CourtKansas Supreme Court

Syllabus by the Court.

Discrimination in application resulting from exercise of reasonable judicial discretion does not necessarily or generally render law unconstitutional (Const. U.S. Amend. 14).

Habitual Criminal Act held not void as denying equal protection to accused, notwithstanding omission of trial judges to make findings of prior convictions in other cases (Rev. St. Supp 1931, 21--107a; Const. U.S. Amend. 14).

1. The exercise of reasonable judicial discretion which results in a discrimination in the application of a law to those of the same class does not necessarily or generally render the law unconstitutional as depriving one of the equal protection of the law.

2. The omission or failure of trial judges to make findings of prior conviction or convictions of other defendants under the provisions of the Habitual Criminal Act (R. S. Supp. 1931 21--107a) does not in and of itself, and without a showing of the discrimination being illegal by reason its being willful arbitrary, designed, deliberate, intentional, or by concerted action, deprive one in whose case such finding was made of the equal protection of the law or render the law unconstitutional as being in violation of the Fourteenth Amendment of the United States Constitution.

Original proceeding by William Skinner for writ of habeas corpus directed to Kirk Prather, Warden of the Kansas State Penitentiary.

Writ denied.

John C Foulks, of Ness City, and Chas. H. Stewart, Jr., of Topeka, for petitioner.

Roland Boynton, Atty. Gen., and Walter T. Griffin, Asst. Atty. Gen., for respondent.

HUTCHISON J.

This is an original proceeding wherein the petitioner seeks a writ of habeas corpus against the warden of the state penitentiary to discharge him from confinement therein because chapter 191 of the Session Laws of 1927 (R. S. Supp. 1931, 21--107a), known as the "Habitual Criminal Act," is unconstitutional, in that the additional penalties authorized thereby to be imposed for second and third offenses are assessed by district judges of this state with discrimination upon those of the same class, thus denying the petitioner and others the equal protection of the law as required by the Fourteenth Amendment of the Constitution of the United States.

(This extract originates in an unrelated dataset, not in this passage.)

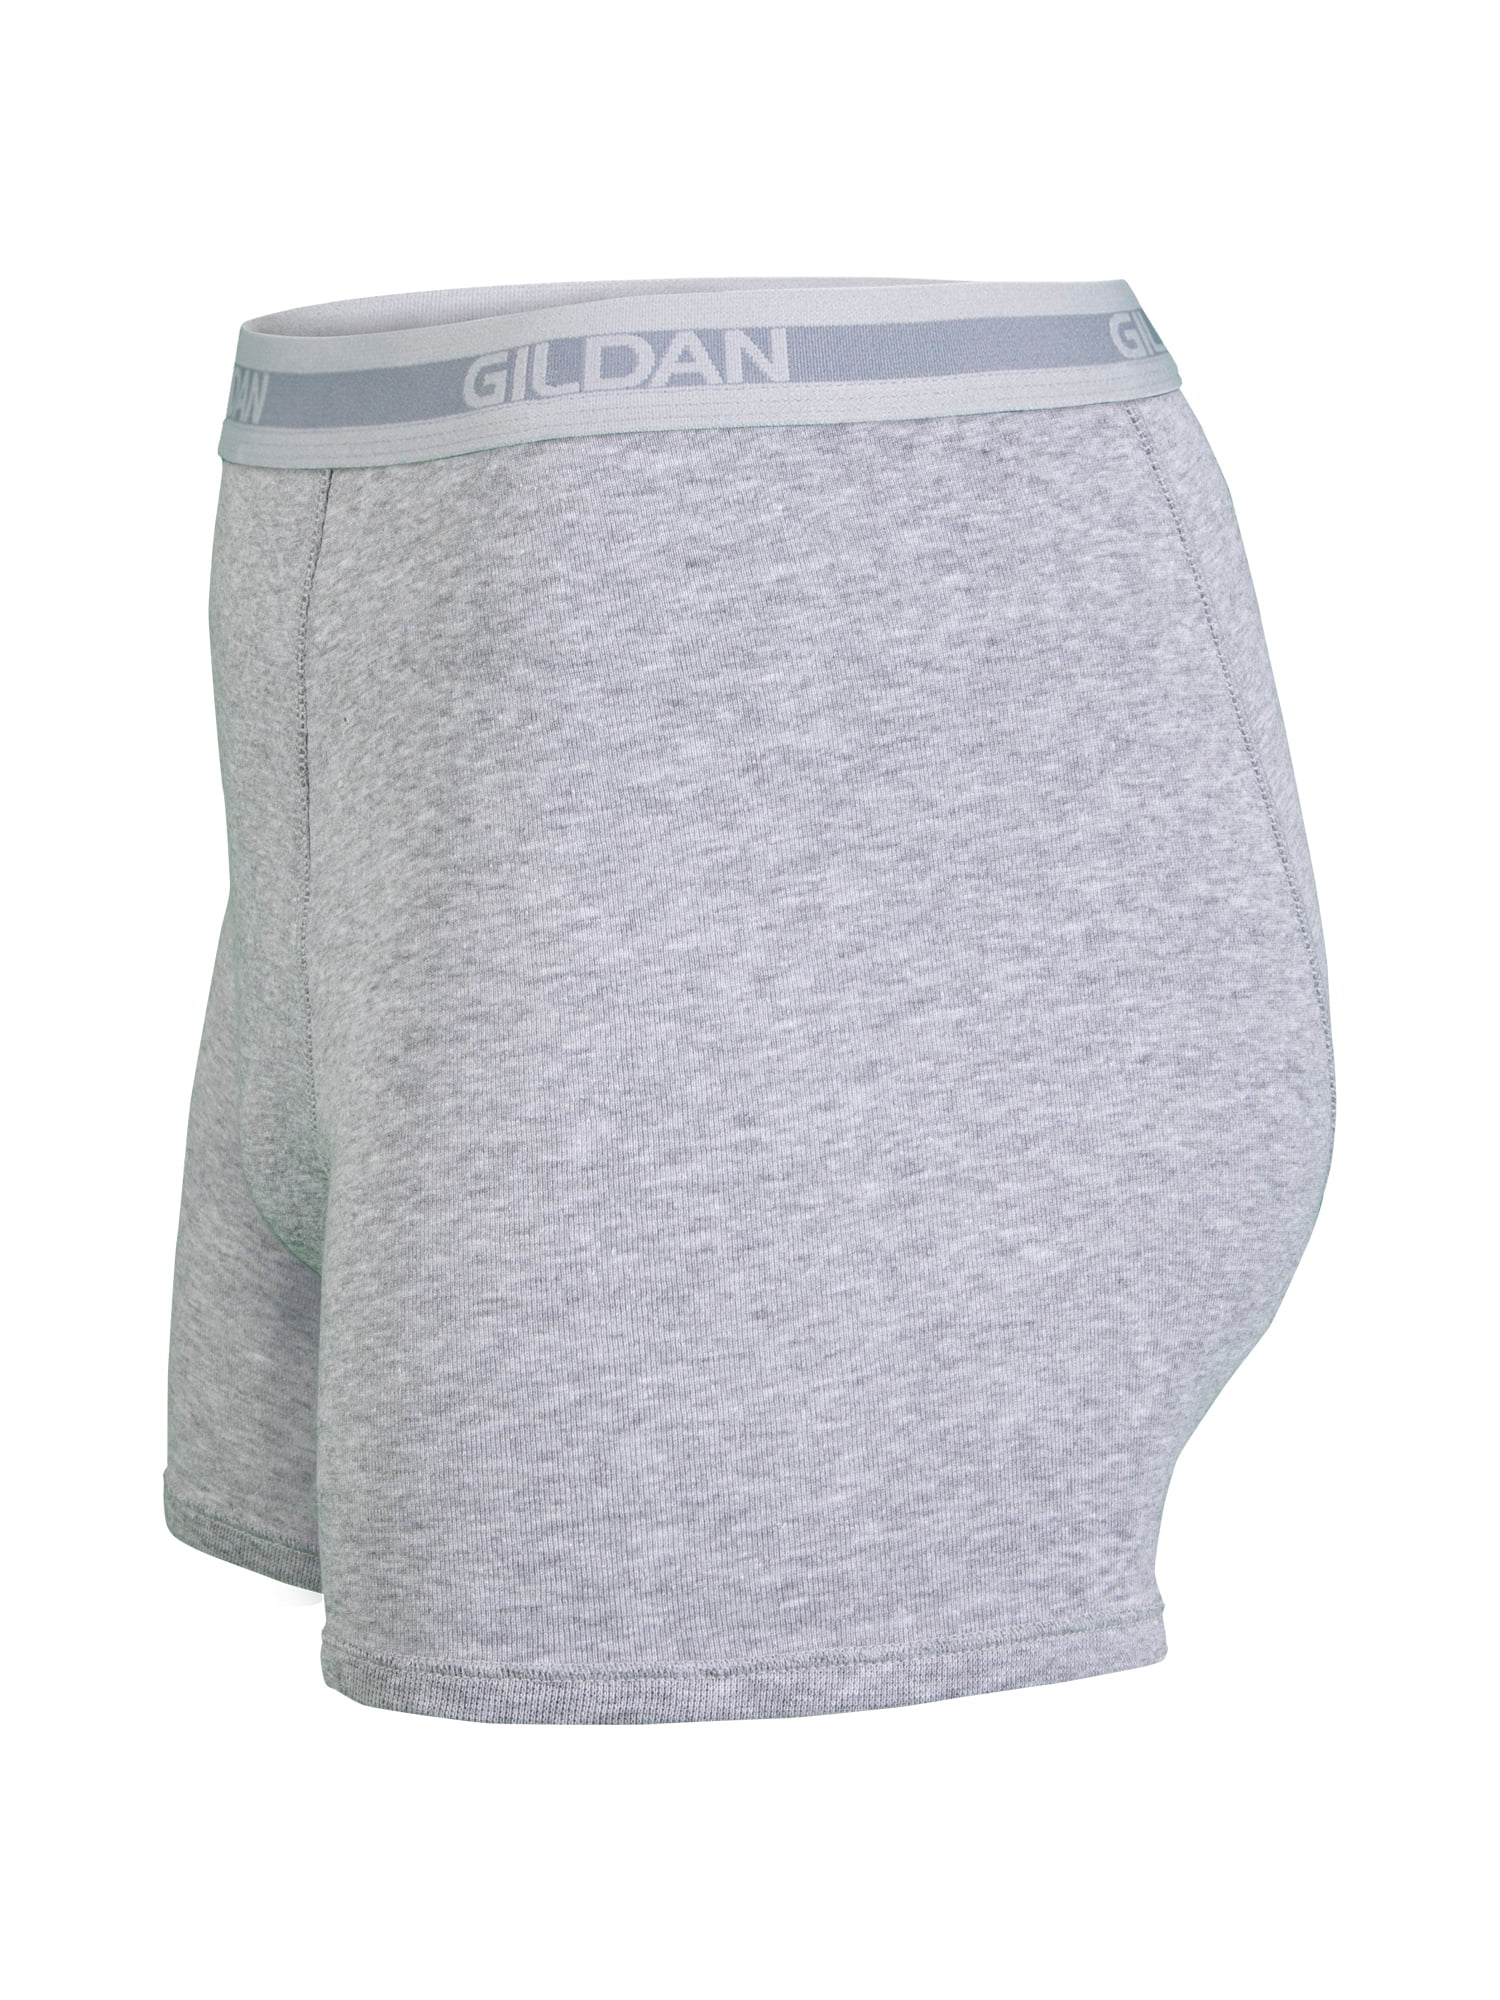 Gildan 5-Pack Men's Underwear Boxer Briefs $11.90 (Reg. $20) - $2.38 each -  Fabulessly Frugal

It is alleged that the petitioner, William Skinner, was convicted in the district court of Linn county, Kan., of grand larceny of money, and was sentenced to life imprisonment under the Habitual Criminal Act and that aside from the application of that act his maximum sentence would have expired on November 5, 1932. He further alleges that: "It is the general practice of the judges of the District Courts of the State of Kansas to use their own judgment as to whether or not a person convicted of crime shall be sentenced under chapter 191 of the Session Laws of 1927 or under the older statute, in cases where the judge knows from the admissions of the convicted persons or other competent evidence that such persons have been previously convicted of felonies and served terms in penal institutions and as a result of these discriminatory acts a large percent of the habitual criminals are serving short sentences in the penal institutions of the State of Kansas, while a much smaller percent are serving the added penalties fixed by Chapter 191 of the Session Laws of 1927."

It will be observed that the form and substance of the act in question is not attacked by the petitioner, but only the discriminatory application of it to offenders of the same class, and this discriminatory enforcement of the act by district judges is what has deprived him of the equal protection of the law. Petitioner calls attention to the all-inclusive nature of the act wherein it states that: "Every person convicted a second time of felony, the punishment of which is confinement in the penitentiary, shall be confined in the penitentiary not less than double the time of the first conviction; and if convicted a third time of felony, he shall be confined in the penitentiary during his life."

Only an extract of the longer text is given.